EXERCISE AIM:
With the pictures left out, print exactly the lines below that run from the one containing "Dior unveils a" through the one containing "WASHINGTON, DC - NOVEMBER".

MATERIAL FOR THIS TASK:

•••

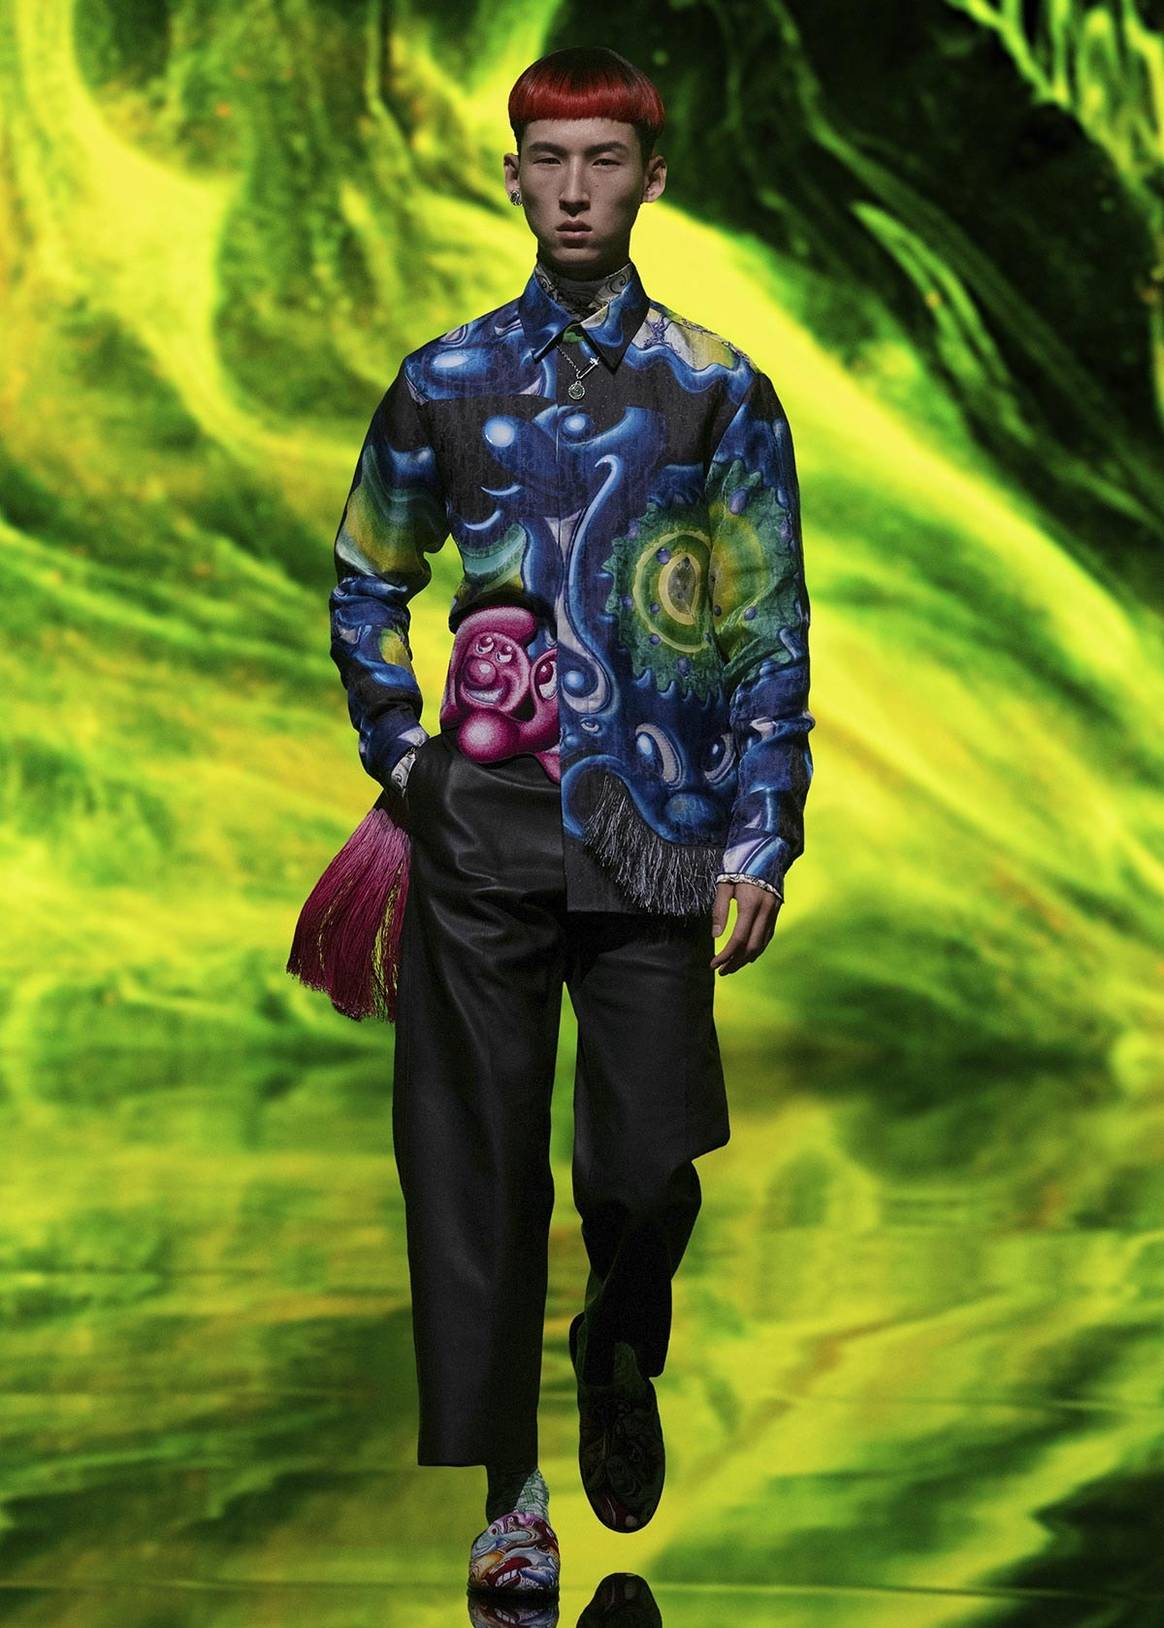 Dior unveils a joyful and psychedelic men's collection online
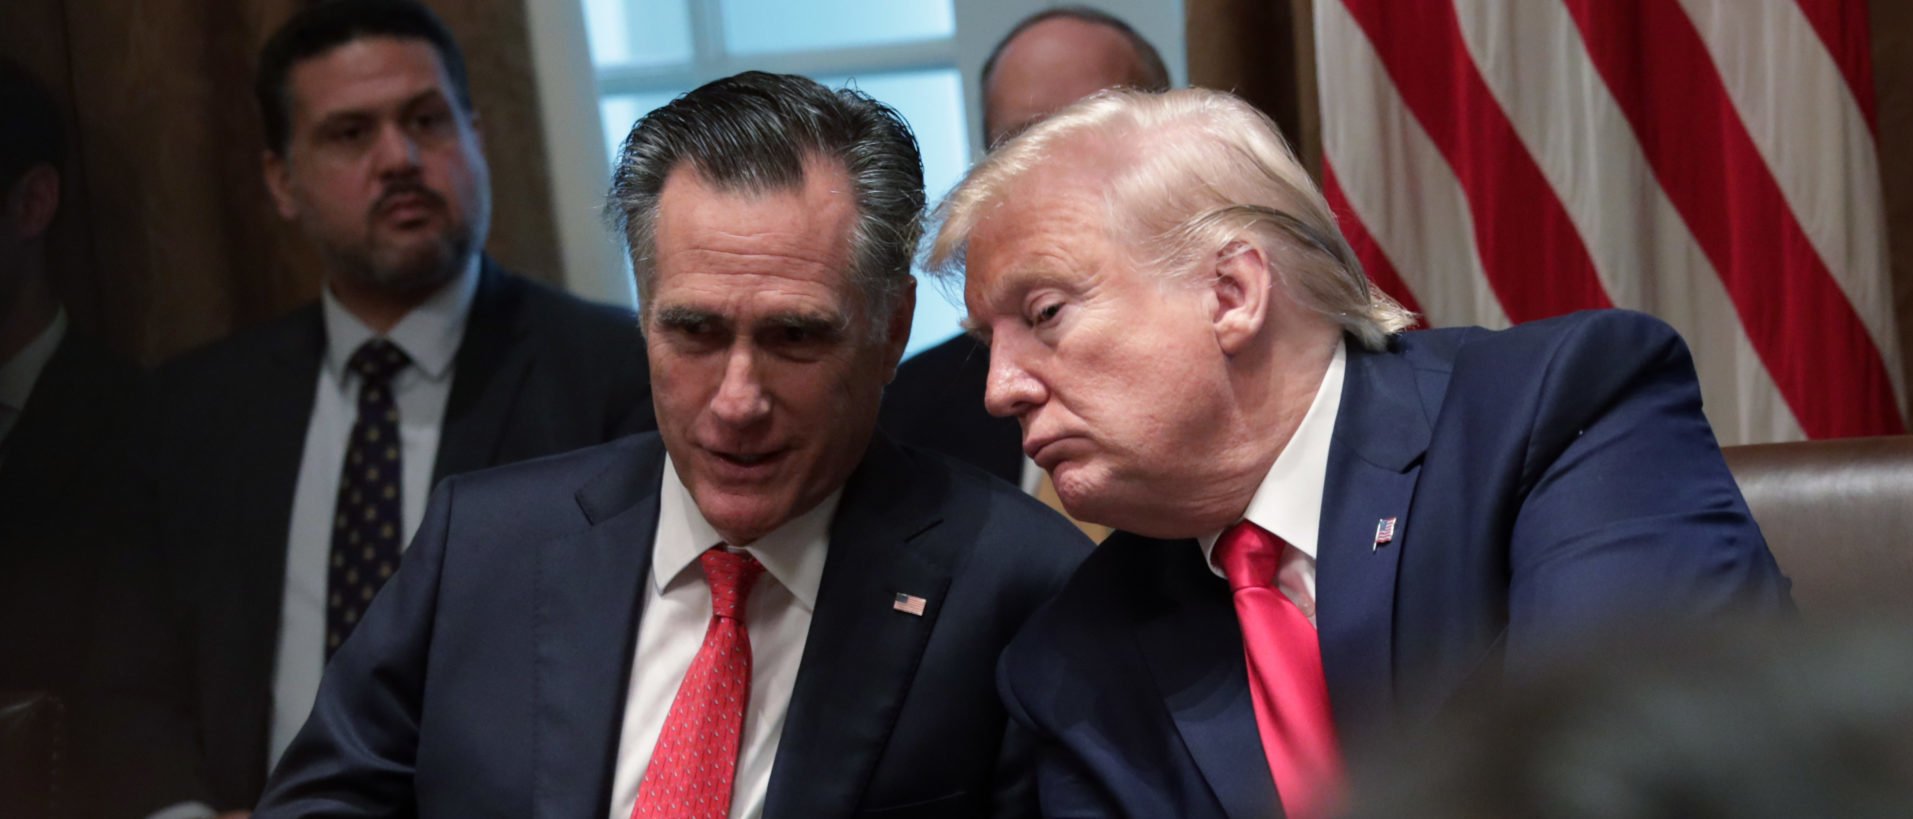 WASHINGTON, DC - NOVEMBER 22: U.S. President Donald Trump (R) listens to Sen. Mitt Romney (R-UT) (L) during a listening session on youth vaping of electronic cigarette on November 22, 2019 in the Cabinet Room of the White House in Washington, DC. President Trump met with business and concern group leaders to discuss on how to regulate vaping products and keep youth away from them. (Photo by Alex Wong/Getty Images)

•••

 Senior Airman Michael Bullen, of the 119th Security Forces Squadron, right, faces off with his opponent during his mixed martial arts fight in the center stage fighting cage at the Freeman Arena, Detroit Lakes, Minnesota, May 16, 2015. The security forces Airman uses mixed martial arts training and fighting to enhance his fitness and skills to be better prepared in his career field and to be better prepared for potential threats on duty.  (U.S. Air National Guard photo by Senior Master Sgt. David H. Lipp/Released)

•••

RESPONSE AREA:
 Dior unveils a joyful and psychedelic men's collection online
 WASHINGTON, DC - NOVEMBER 22: U.S. President Donald Trump (R) listens to Sen. Mitt Romney (R-UT) (L) during a listening session on youth vaping of electronic cigarette on November 22, 2019 in the Cabinet Room of the White House in Washington, DC. President Trump met with business and concern group leaders to discuss on how to regulate vaping products and keep youth away from them. (Photo by Alex Wong/Getty Images)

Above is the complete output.